Your task
Reproduce the material below line by line, beginning with its first line and ending with the line that contains "A working Japanese"; leave out pictures.

**** Data segment ****

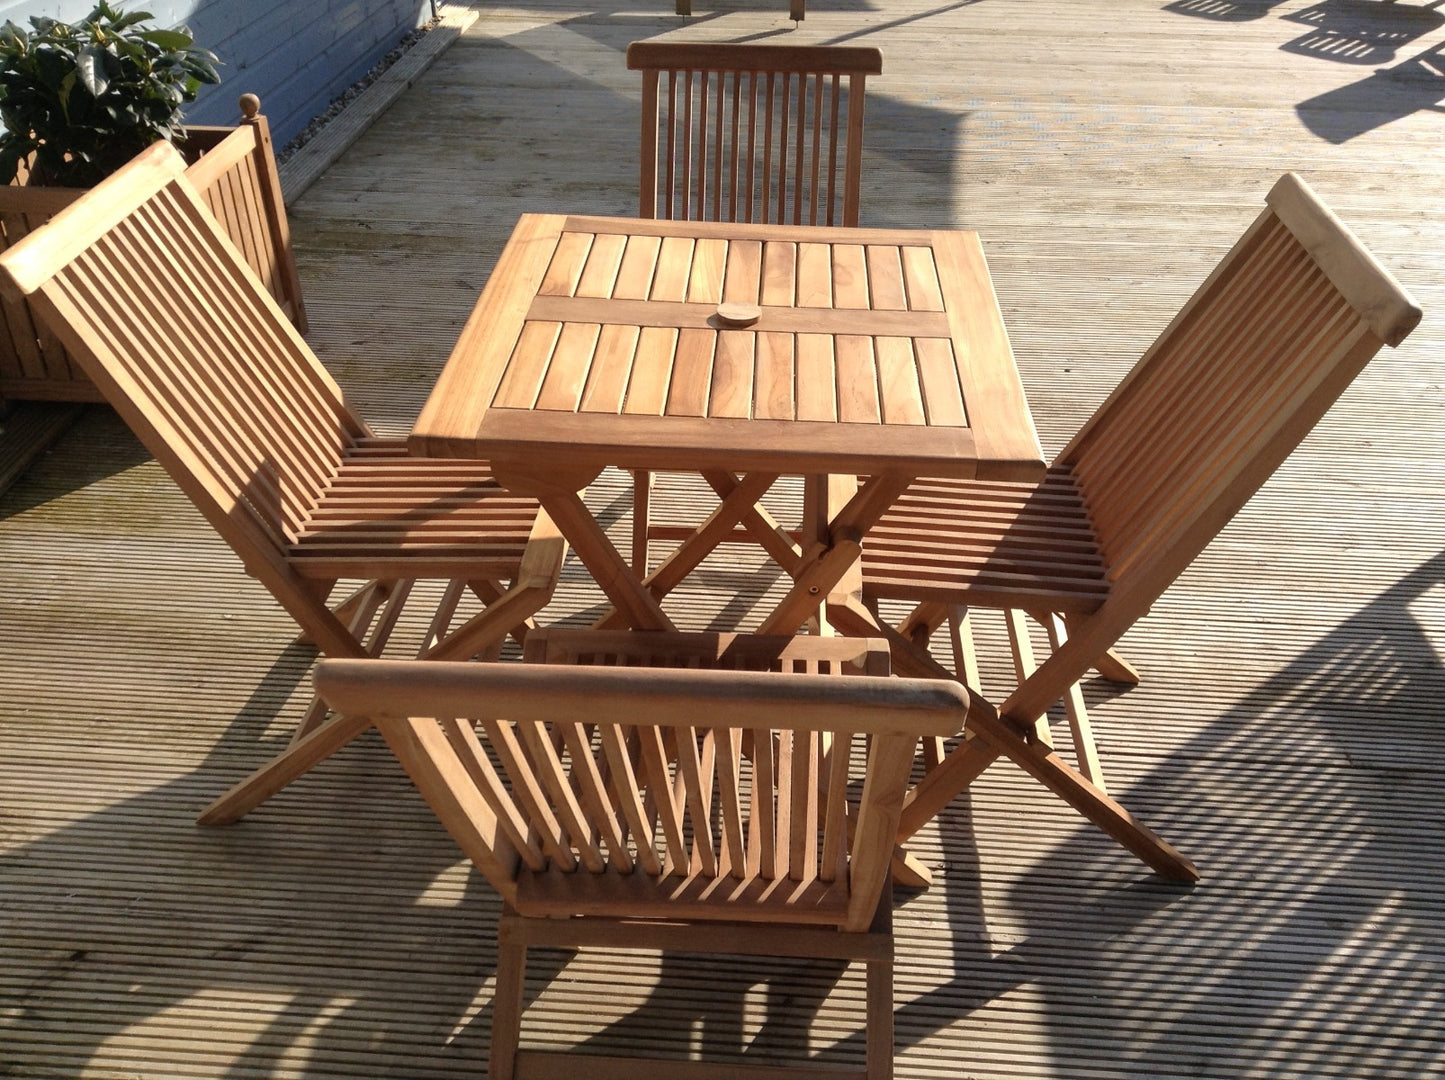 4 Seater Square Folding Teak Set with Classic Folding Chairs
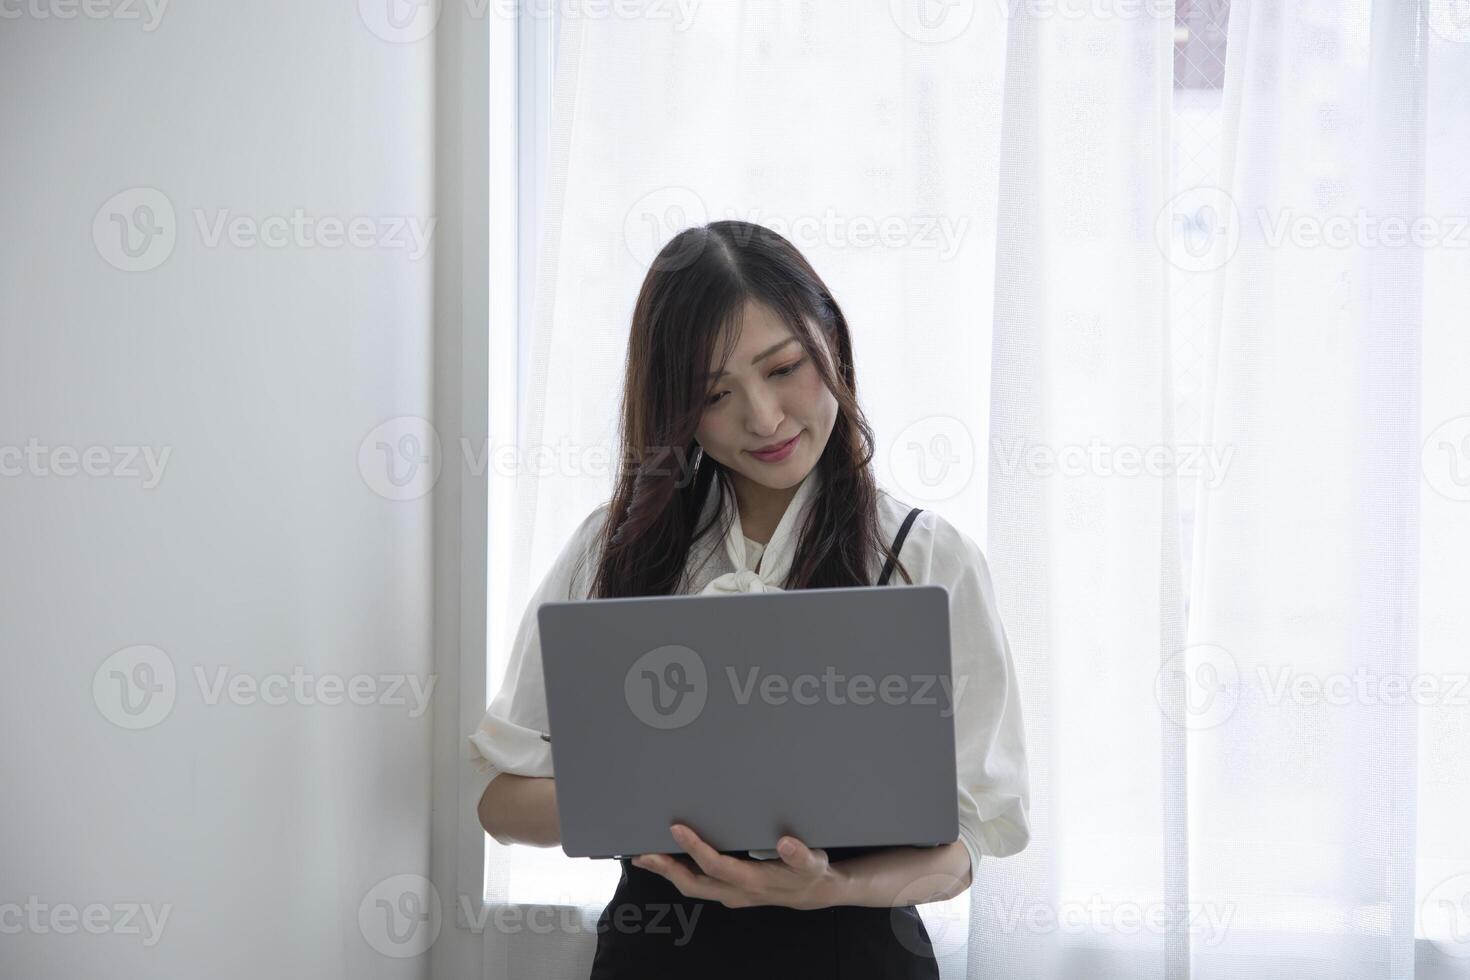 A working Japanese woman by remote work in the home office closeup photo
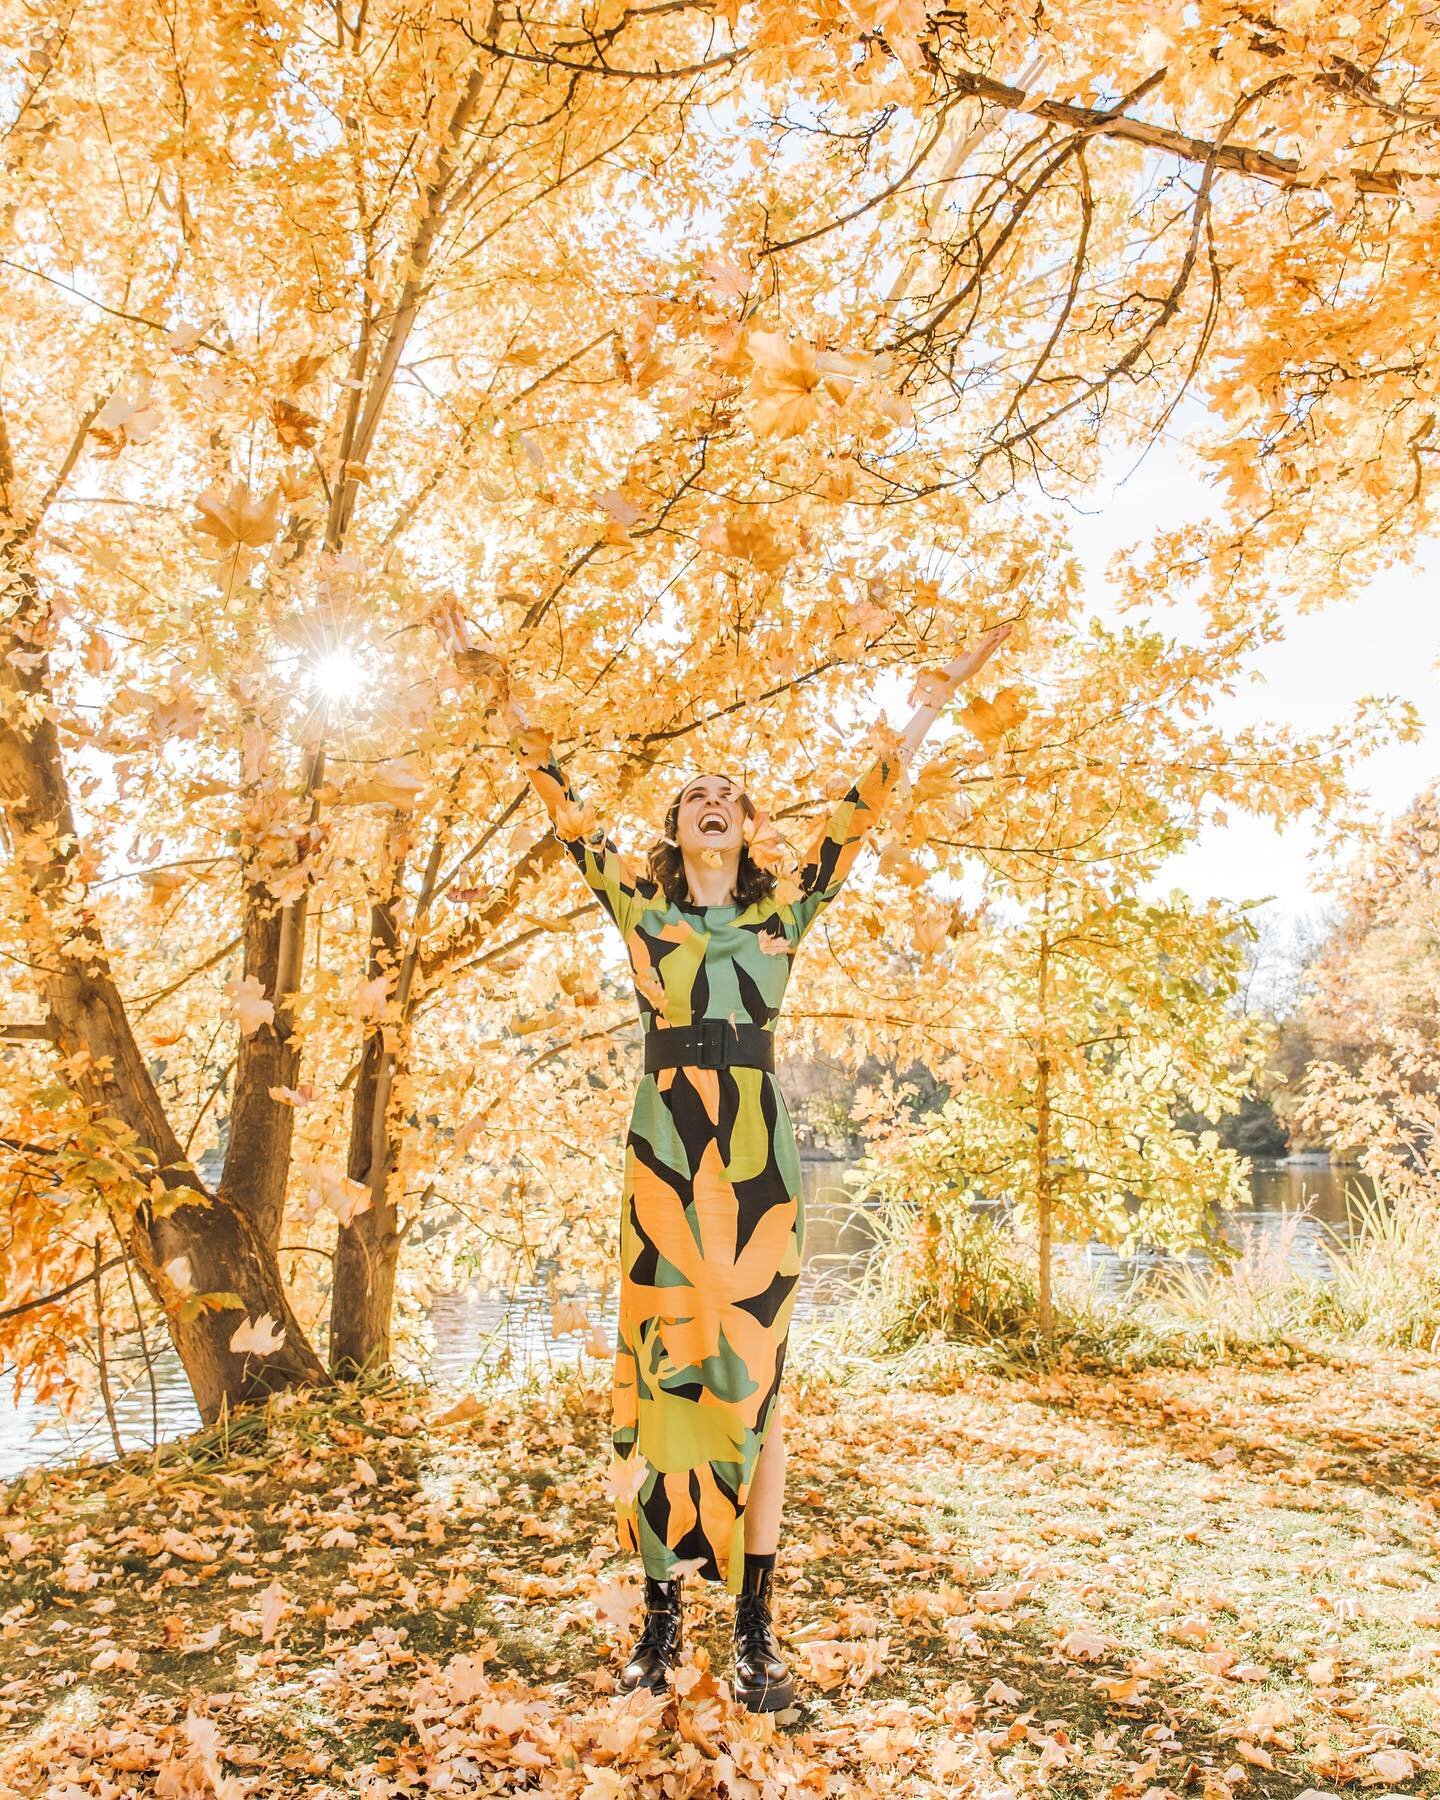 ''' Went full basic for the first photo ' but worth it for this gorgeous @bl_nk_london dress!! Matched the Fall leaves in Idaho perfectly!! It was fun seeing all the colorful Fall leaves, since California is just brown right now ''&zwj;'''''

****

Task response
 4 Seater Square Folding Teak Set with Classic Folding Chairs
 A working Japanese woman by remote work in the home office closeup photo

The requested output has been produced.